Building an RL Training Arena for AI Code Agents on GCP
How do you teach an AI to get better at coding? Not with more training data — with structured feedback. Give it a task, let it try, measure the result, and let it learn. I built the environment that makes this possible.
The Gym-Style API
We modeled after OpenAI Gym because RL researchers already know this interface. Three endpoints capture the full RL loop: create episode, execute step, compute reward. The API abstracts away the complexity of code execution, sandboxing, and state management. Here's what it looks like:
POST /episodes
{
"task_id": "fix-bug-in-sort-function",
"agent_id": "claude-sonnet-4"
}
POST /episodes/{episode_id}/steps
{
"action": "edit_file",
"file": "src/sort.py",
"code": "def sort(arr): ..."
}
GET /episodes/{episode_id}/reward
{
"reward": 0.75,
"tests_passed": 3,
"total_tests": 4
}
This interface lets researchers focus on agent behavior, not infrastructure. They don't need to know about Cloud Build, Redis, or Firestore—they just need to understand episodes, steps, and rewards.
Sandboxing Untrusted Code
Agents execute arbitrary code. You need isolation. Cloud Build provides containers with no network, hard timeouts, resource limits, and read-only filesystems. The trade-off: roughly 10 seconds of startup latency per execution. Worth it for guaranteed isolation. Each agent execution happens in an isolated Cloud Build step. No cross-contamination between evaluations, no way for one agent's code to affect another's environment.
State Management Tiers
We use three storage tiers, each chosen for its access pattern. Redis holds ephemeral episode state—fast read/write, perfect for the active episode that needs sub-second updates. Episodes are short-lived, but they need to be fast. Firestore stores persistent trajectories—training data that needs to persist long-term and be queryable. Researchers need to analyze agent behavior over time, compare trajectories, and extract patterns. Cloud SQL holds task configuration—relational data that needs JOINs and complex queries. Task definitions, verifiers, baseline results—all structured data that belongs in a relational database.

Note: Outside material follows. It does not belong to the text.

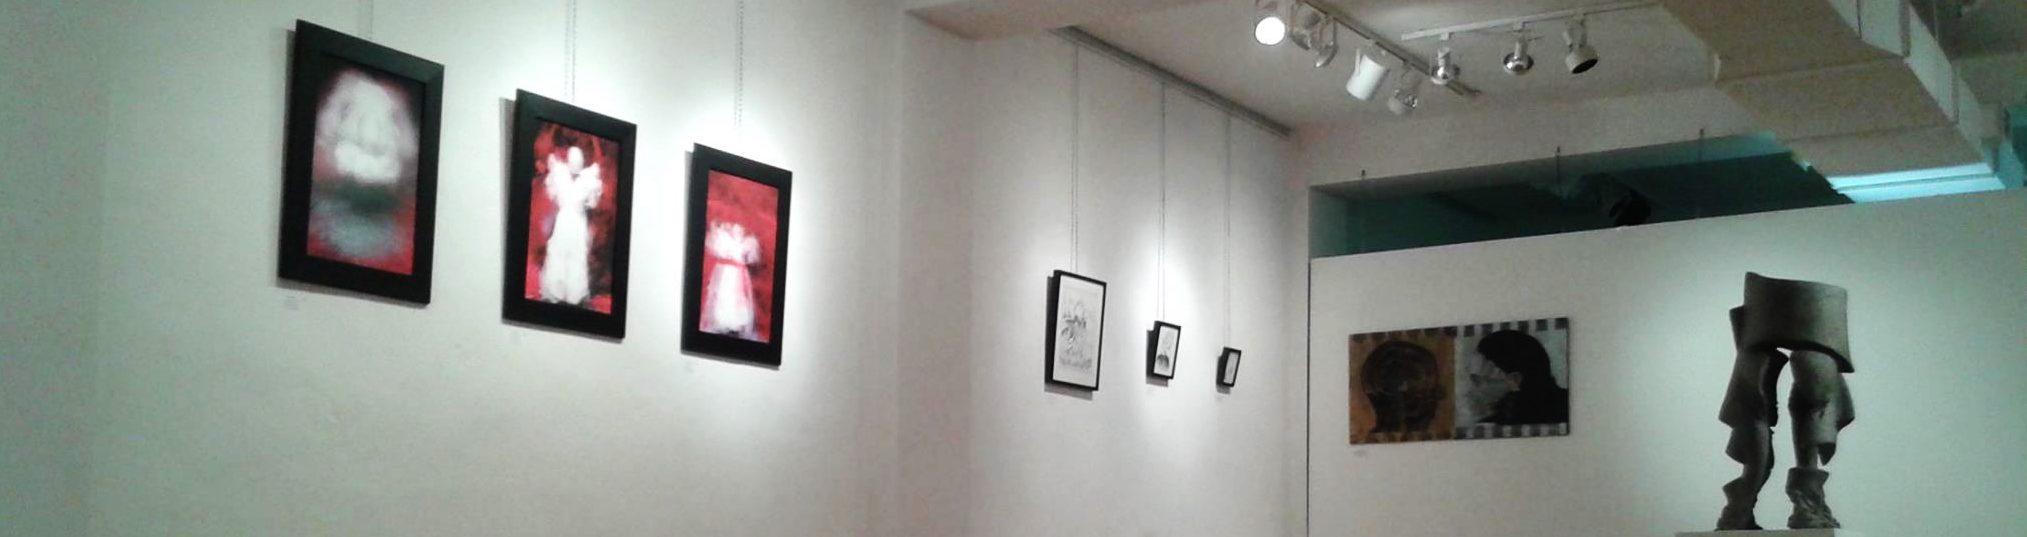 Exhibition at l'Artothèque

Don't just list them—understand WHY each tier exists. Redis isn't just "fast"—it's for data that doesn't need to survive a restart. Firestore isn't just "persistent"—it's for data that needs real-time listeners and flexible schemas. Cloud SQL isn't just "relational"—it's for data that needs ACID guarantees and complex queries.
The Preprocessor Pipeline
Think of it as the task chef. Raw ingredients go in—a GitHub repository, a task description, maybe some baseline tests. A fully prepared training environment comes out. The 15-step preprocessing workflow analyzes repositories, generates verifiers, establishes baselines, creates test harnesses, and configures reward functions. Dynamic verifier and reward configuration generation means each task gets a custom evaluation setup. Repository analysis extracts dependencies, identifies test patterns, and builds execution contexts. Baseline test execution establishes ground truth—what should pass before the agent even starts.
Reward Shaping
Here's the reward formula:
reward = (tests_passed / total_tests) * base_reward
+ style_bonus
- time_penalty
- error_penalty
Getting the reward shaping right took three iterations. Too sparse—agents don't learn because they rarely get positive feedback. Too dense—agents game the metric, optimizing for the reward function instead of solving the task. Just right—balances test passage, style, time, and errors in a way that encourages genuine problem-solving.
Architecture Choice: Hexagonal
Domain logic is decoupled from GCP infrastructure. Switching Cloud Build for local Docker? Change the adapter, not the domain. This isn't academic—it made testing actually possible. We can run the entire RL loop locally without spinning up Cloud Build containers. The domain doesn't know about GCP. It knows about code execution, state management, and reward computation. The infrastructure adapters handle the details.